If bitcoin, which skeptics say is a bubble, suffers the same fate as past financial manias, look out below.
Fears of a bitcoin crash are growing amid an early-year plunge that has wiped out 50% of the digital currency's value since its December peak of $19,500 per coin.
"There is significant precedent to suggest that the more rapid the appreciation, the more rapid the depreciation," says Scott McGann, a finance lecturer at San Diego State University.
Bitcoin's wild ride continued Monday when it was down more than 11% at $10,050 after cratering last week to a seven-week low of $9,200.
History is filled with examples of big busts after gargantuan gains. The Nasdaq fell nearly 80% after the dot-com stock bubble burst in 2000. The Dow tumbled 86% following the 1929 stock market crash. The Dutch tulip bulb craze in the 1600s had a similar bad ending.
If the pain following past popped bubbles is a guide, bitcoin believers who cheered the cryptocurrency's 1,400% gain last year should brace for further declines.
The reason: The bitcoin bubble is the biggest ever.
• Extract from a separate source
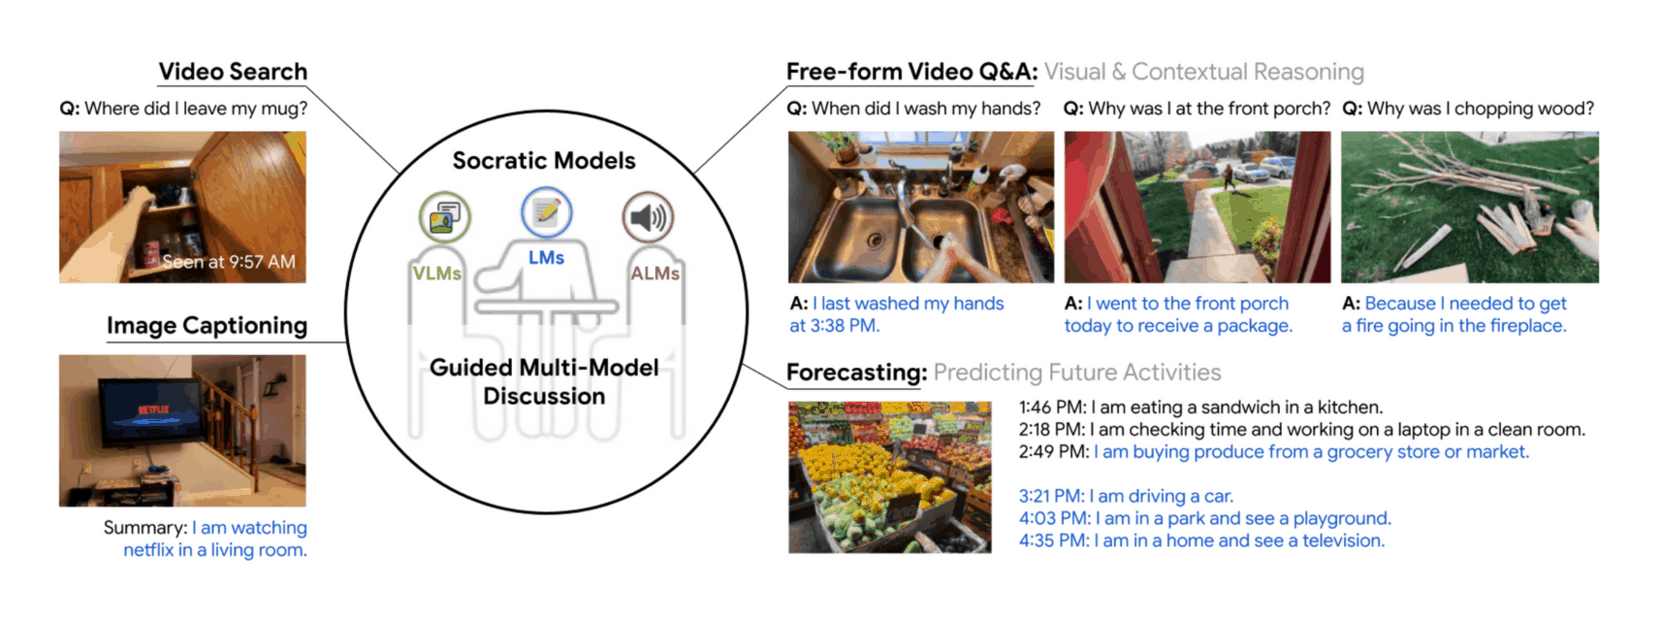 Figure 2: In this work we propose Socratic Models (SMs), a framework that uses structured dialogue between pre-existing foundation models, each of which can exhibit unique (but complementary) capabilities depending on the distributions of data on which they are trained. On various perceptual tasks (shown), this work presents a case study of SMs with visual language models (VLMs, eg. CLIP), large language models (LMs, eg. GPT-3, RoBERTa), and audio language models (ALMs, eg. Wav2CLIP, Speech2Text). From video search, to image captioning; from generating free-form answers to contextual reasoning questions, to forecasting future activities—SMs can provide meaningful results for complex tasks across classically challenging computer vision domains, without any model finetuning.

Bitcoin's value has risen 65-fold, which tops the 50-fold rise of tulips in the 1630s and tech stocks' four-fold rise in the 1990s, according to Convoy Investments, a New York-based investment firm.
"Historically, most major asset bubbles tend to lose close to 80% of their peak value," says Howard Wang, co-founder of Convoy Investments.
Recent bitcoin turbulence has been sparked by fears of a regulatory crackdown by foreign governments.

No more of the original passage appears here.